Многие живут, как и при Союзе: держат коров, косят косой траву, обрабатывают неотъемлемые огороды, ездят на велосипедах. Поезда там ходят старые, советские, а по пыльным дорогам все еще тарахтят неубиваемые «Жигули» и «Москвичи». Интерьер в домах часто с той же советской мебелью, в которой сервизы из хрусталя и фаянса, а в обязательных сараях те же мотыги, грабли и лопаты, за которыми все еще пылятся стопки «Здоровья», «Крестьянок» и «Работниц и селянок». Бабушки привычно ходят в «хустках» (платочках), дедушки в кепках, костюмах и сандалиях на носок. Хотя, конечно, многое поменялось, что не так заметно для постороннего глаза. Но многое и осталось.
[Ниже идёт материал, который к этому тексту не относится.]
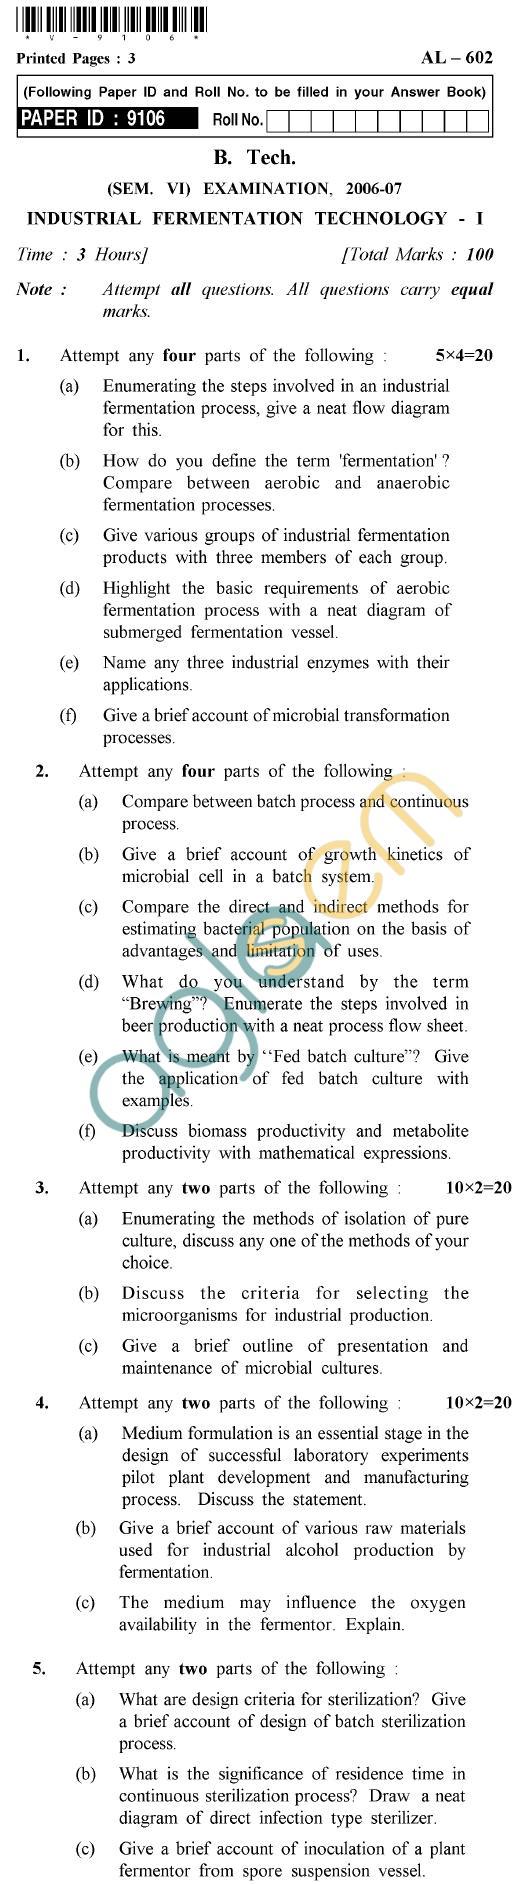 UPTU B.Tech Question Papers -AL-602 - Industrial Fermentation Technology-I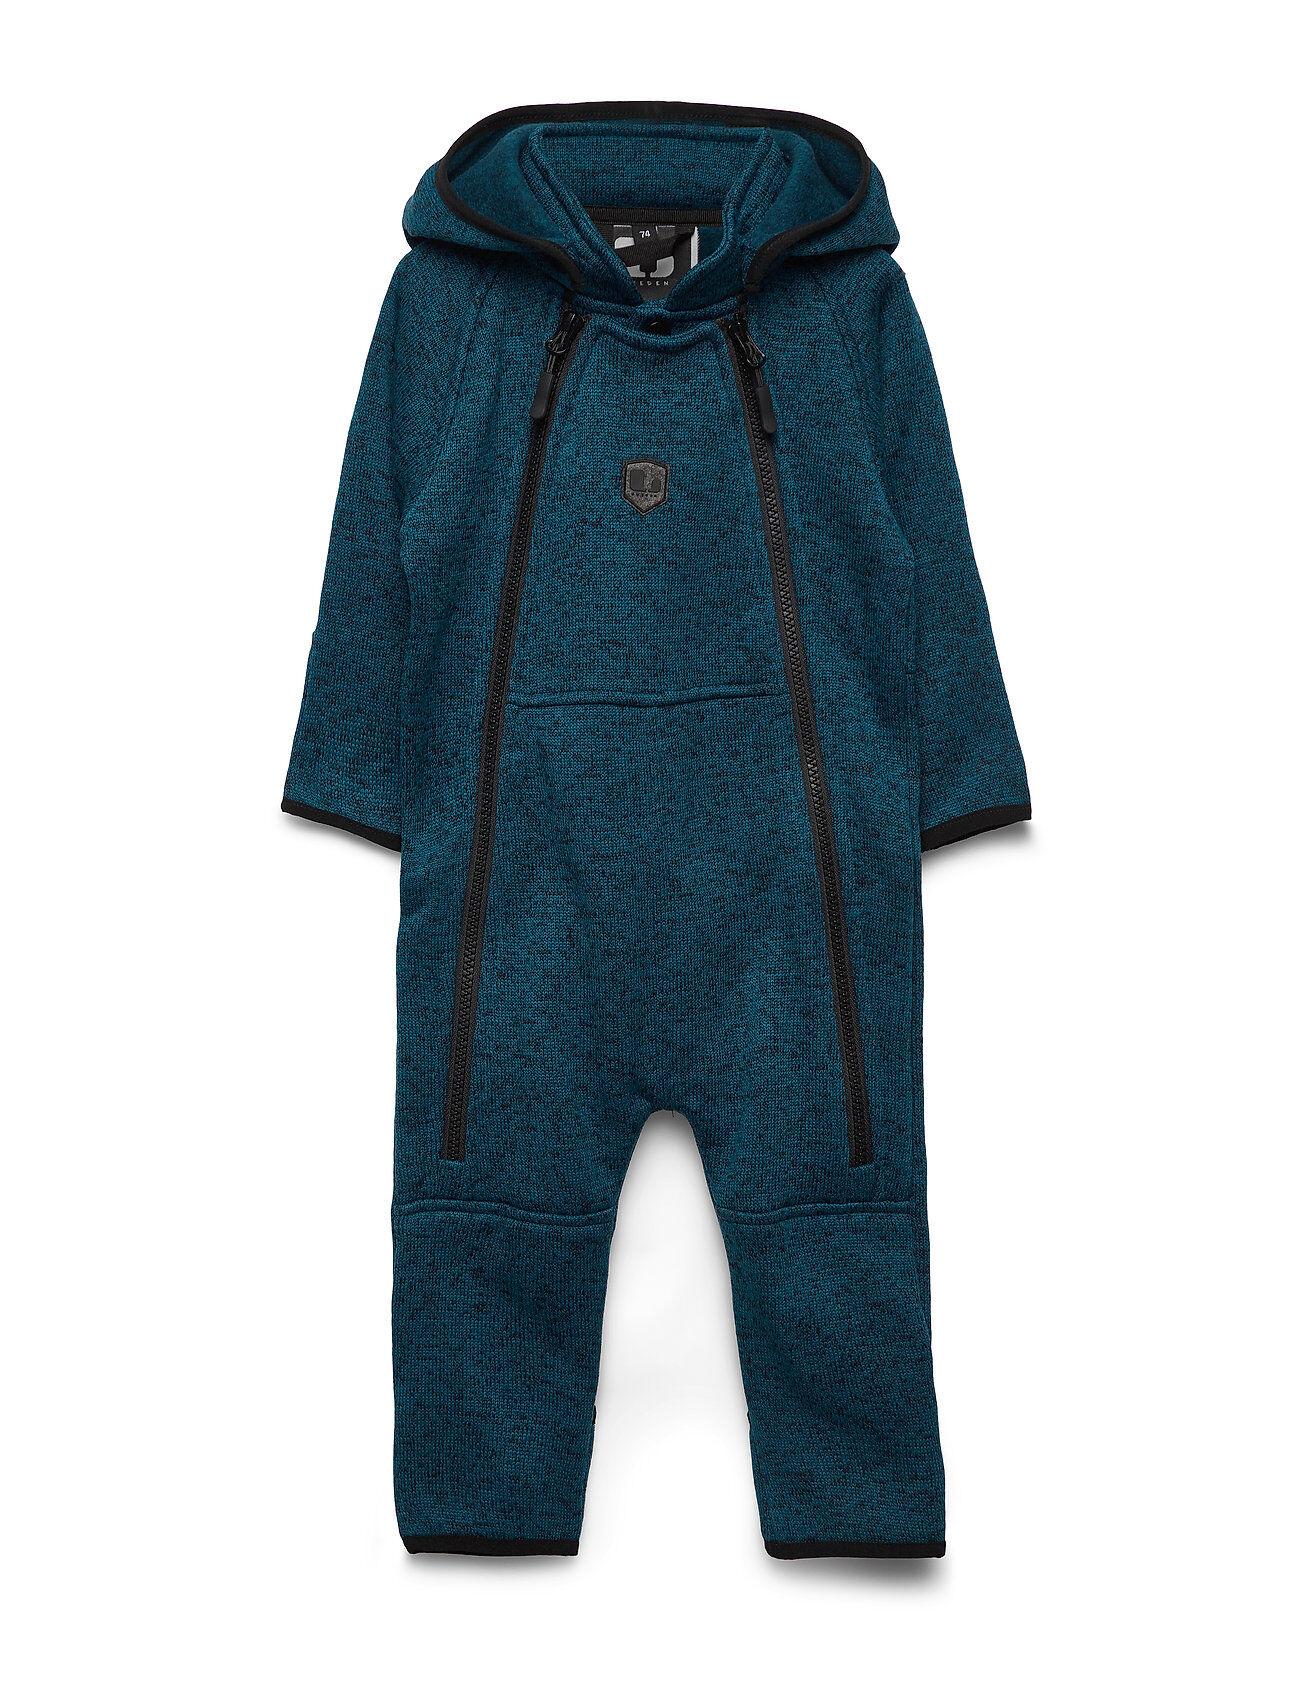 Lindberg Sweden Bormio Baby Overall Outerwear Fleece Outerwear Fleece Suits Sininen Lindberg Sweden

Мой один день в гостях быстро подошел к концу. Я еще тихонечко посидел до первых звезд на той самой лавочке под окном, на которой сидел мальчишкой, неторопливо допил свою бутылку «Жигулевского», проводил взглядом одновременно колоритных и вполне обычных для той местности украинок гоголевского типа, громко о чем-то споривших, и потом нехотя побрел домой.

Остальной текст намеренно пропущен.